If the third party returns claims in the form of string, my User journey in the policy works fine. My problem is that the third party is returning the claims in the form of json. I couldn't find any relavant in the B2C policy's XML Schema that can handle this case.
Is there any way to do this using Azure AD B2C Custom policies ?
回答1:
Though I don't know what third part identity provider you're using, but I think you can achieve add the provider by adding custom providers in custom policies.
First, according to your post , I assume that you're using the Oauth/OIDC provider.
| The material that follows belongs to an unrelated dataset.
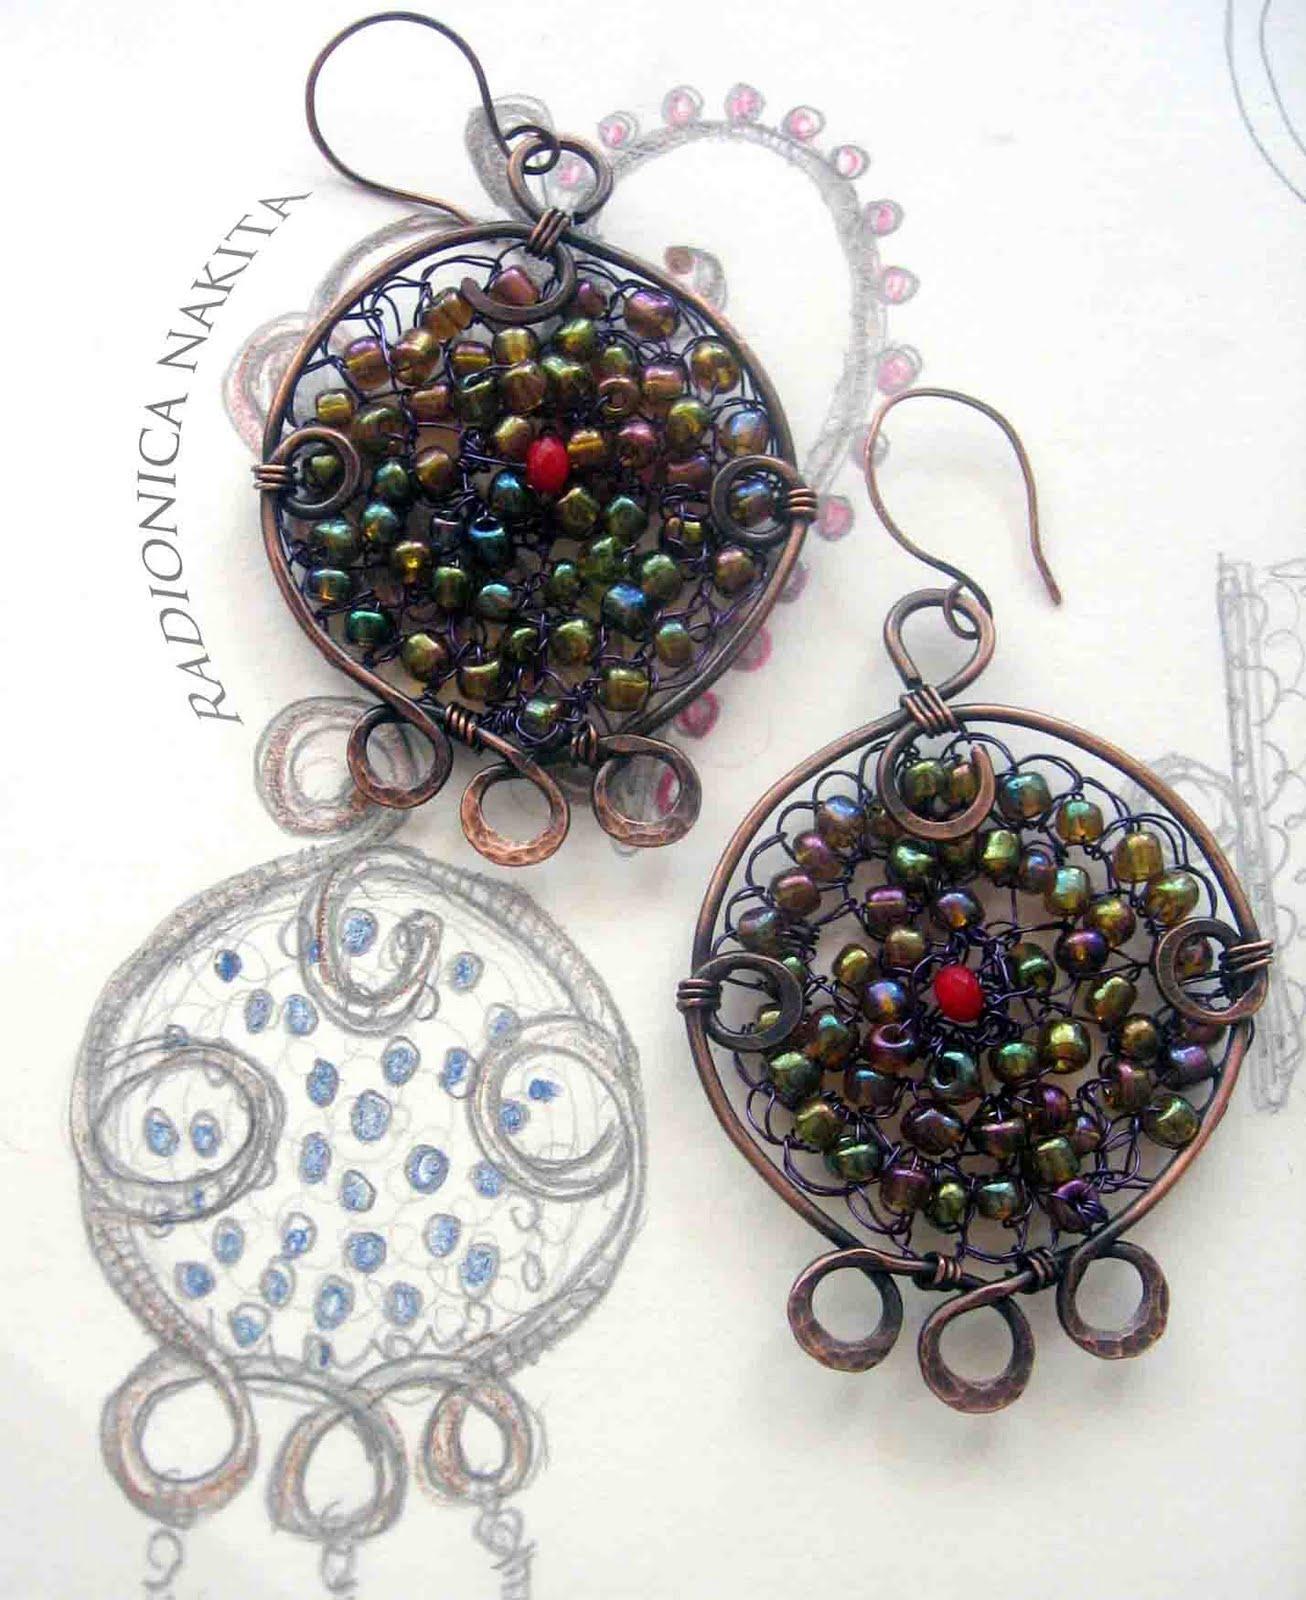 nakit -ukras ili umetnost - Page 5 Nakit+249+copy

Example: Add LinkedIn as an identity provider by using custom policies:
In the <ClaimsProviders> element, add the following XML snippet:
<ClaimsProvider>
<Domain>linkedin.com</Domain>
<DisplayName>LinkedIn</DisplayName>
<TechnicalProfiles>
<TechnicalProfile Id="LinkedIn-OAUTH">
<DisplayName>LinkedIn</DisplayName>
<Protocol Name="OAuth2" />
<Metadata>
<Item Key="ProviderName">linkedin</Item>
<Item Key="authorization_endpoint">https://www.linkedin.com/oauth/v2/authorization</Item>
<Item Key="AccessTokenEndpoint">https://www.linkedin.com/oauth/v2/accessToken</Item>
<Item Key="ClaimsEndpoint">https://api.linkedin.com/v1/people/~:(id,first-name,last-name,email-address,headline)</Item>
<Item Key="ClaimsEndpointAccessTokenName">oauth2_access_token</Item>
<Item Key="ClaimsEndpointFormatName">format</Item>
<Item Key="ClaimsEndpointFormat">json</Item>
<Item Key="scope">r_emailaddress r_basicprofile</Item>
<Item Key="HttpBinding">POST</Item>
<Item Key="UsePolicyInRedirectUri">0</Item>
<Item Key="client_id">Your LinkedIn application client ID</Item>
</Metadata>
<CryptographicKeys>
<Key Id="client_secret" StorageReferenceId="B2C_1A_LinkedInSecret" />
</CryptographicKeys>
<OutputClaims>
<OutputClaim ClaimTypeReferenceId="socialIdpUserId" PartnerClaimType="id" />
<OutputClaim ClaimTypeReferenceId="givenName" PartnerClaimType="firstName" />
<OutputClaim ClaimTypeReferenceId="surname" PartnerClaimType="lastName" />
<OutputClaim ClaimTypeReferenceId="email" PartnerClaimType="emailAddress" />
<!--<OutputClaim ClaimTypeReferenceId="jobTitle" PartnerClaimType="headline" />-->
<OutputClaim ClaimTypeReferenceId="identityProvider" DefaultValue="linkedin.com" />
<OutputClaim ClaimTypeReferenceId="authenticationSource" DefaultValue="socialIdpAuthentication" />
</OutputClaims>
<OutputClaimsTransformations>
<OutputClaimsTransformation ReferenceId="CreateRandomUPNUserName" />
<OutputClaimsTransformation ReferenceId="CreateUserPrincipalName" />
<OutputClaimsTransformation ReferenceId="CreateAlternativeSecurityId" />
<OutputClaimsTransformation ReferenceId="CreateSubjectClaimFromAlternativeSecurityId" />
</OutputClaimsTransformations>
<UseTechnicalProfileForSessionManagement ReferenceId="SM-SocialLogin" />
</TechnicalProfile>
</TechnicalProfiles>
</ClaimsProvider>
Also, you can add <Item Key="AccessTokenResponseFormat">json</Item> to claim json type of endpoint.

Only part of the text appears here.